Material for the task:
────────

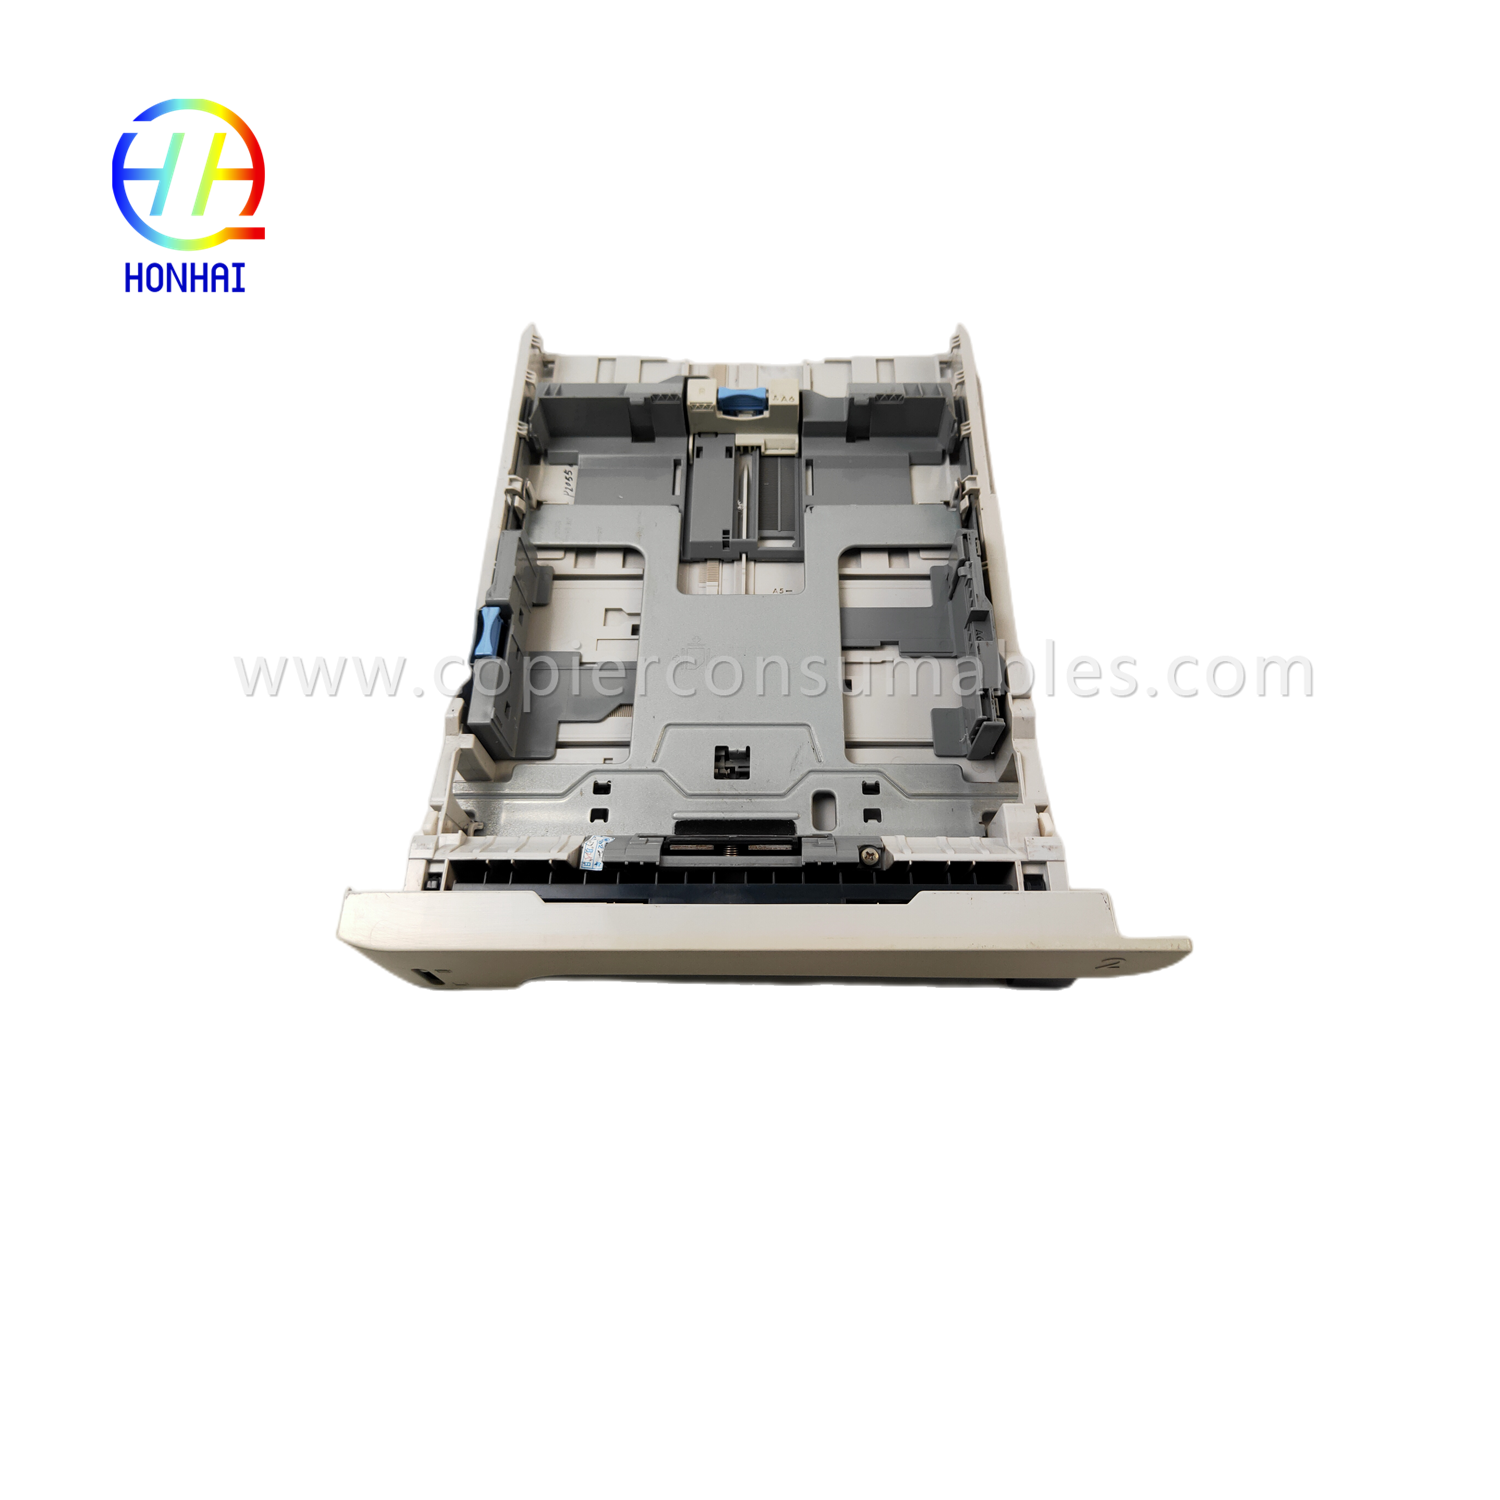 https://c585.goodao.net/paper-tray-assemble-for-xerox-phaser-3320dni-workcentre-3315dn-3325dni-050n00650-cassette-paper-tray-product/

────────

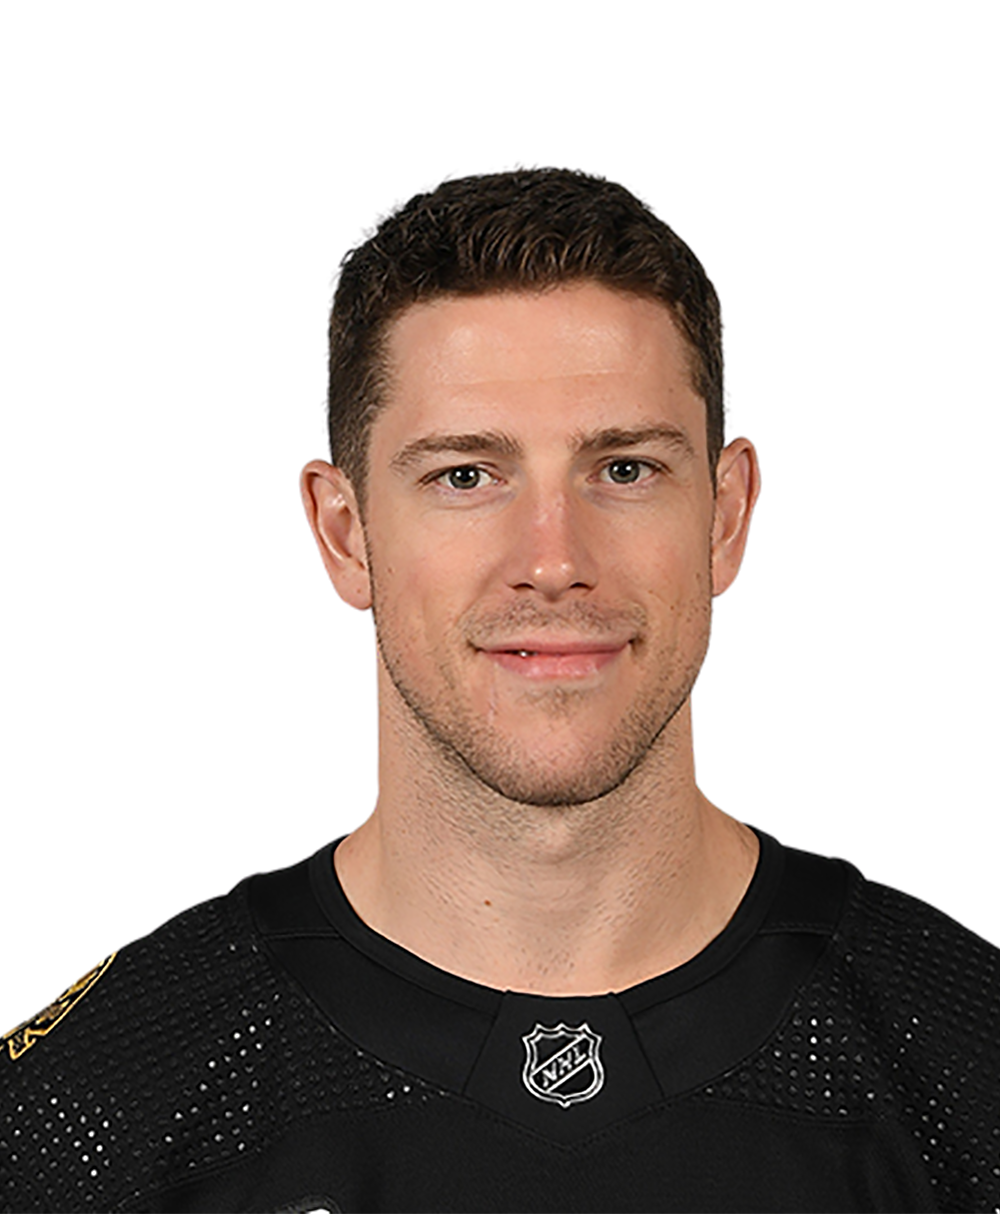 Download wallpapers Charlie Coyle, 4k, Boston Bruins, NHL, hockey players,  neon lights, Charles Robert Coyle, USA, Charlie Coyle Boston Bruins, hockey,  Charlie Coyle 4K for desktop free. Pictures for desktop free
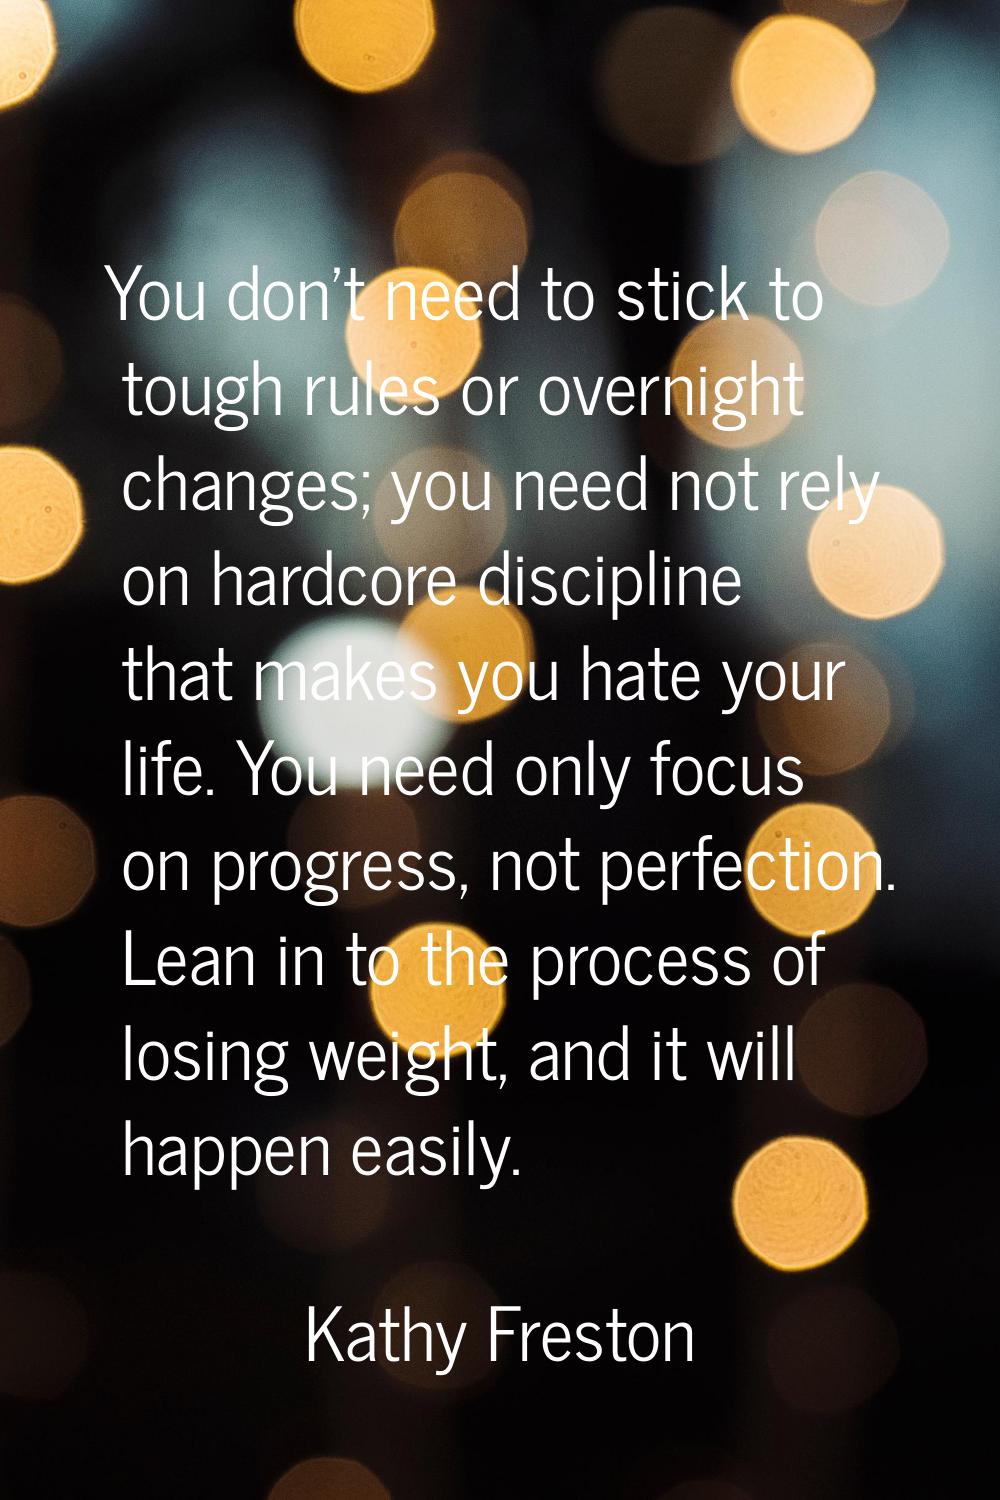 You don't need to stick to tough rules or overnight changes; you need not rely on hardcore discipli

────────

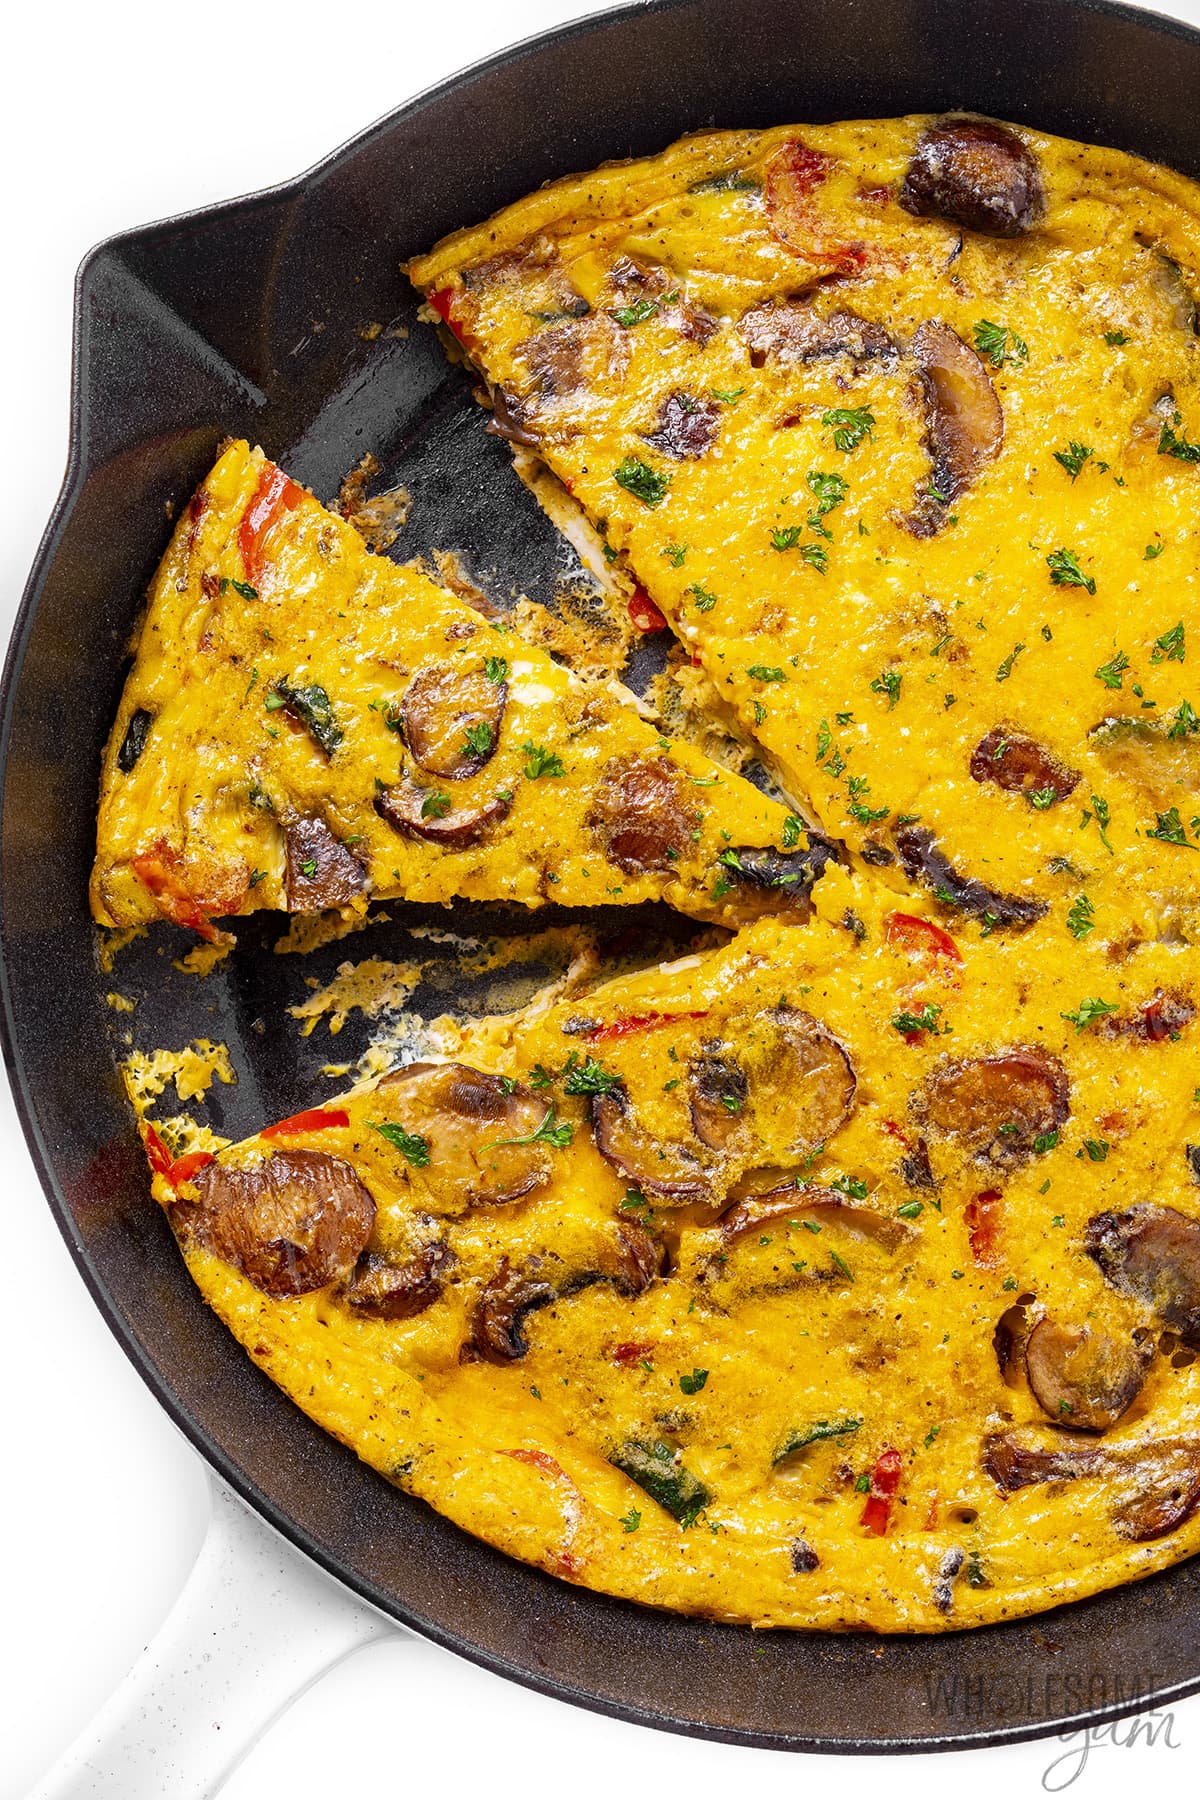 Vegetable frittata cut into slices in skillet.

────────

Task statement: Would you output the lines above from the line holding "Download wallpapers Charlie" up to and including the line holding "You don't need", exactly and only those, with no pictures?

Response:
 Download wallpapers Charlie Coyle, 4k, Boston Bruins, NHL, hockey players,  neon lights, Charles Robert Coyle, USA, Charlie Coyle Boston Bruins, hockey,  Charlie Coyle 4K for desktop free. Pictures for desktop free
 You don't need to stick to tough rules or overnight changes; you need not rely on hardcore discipli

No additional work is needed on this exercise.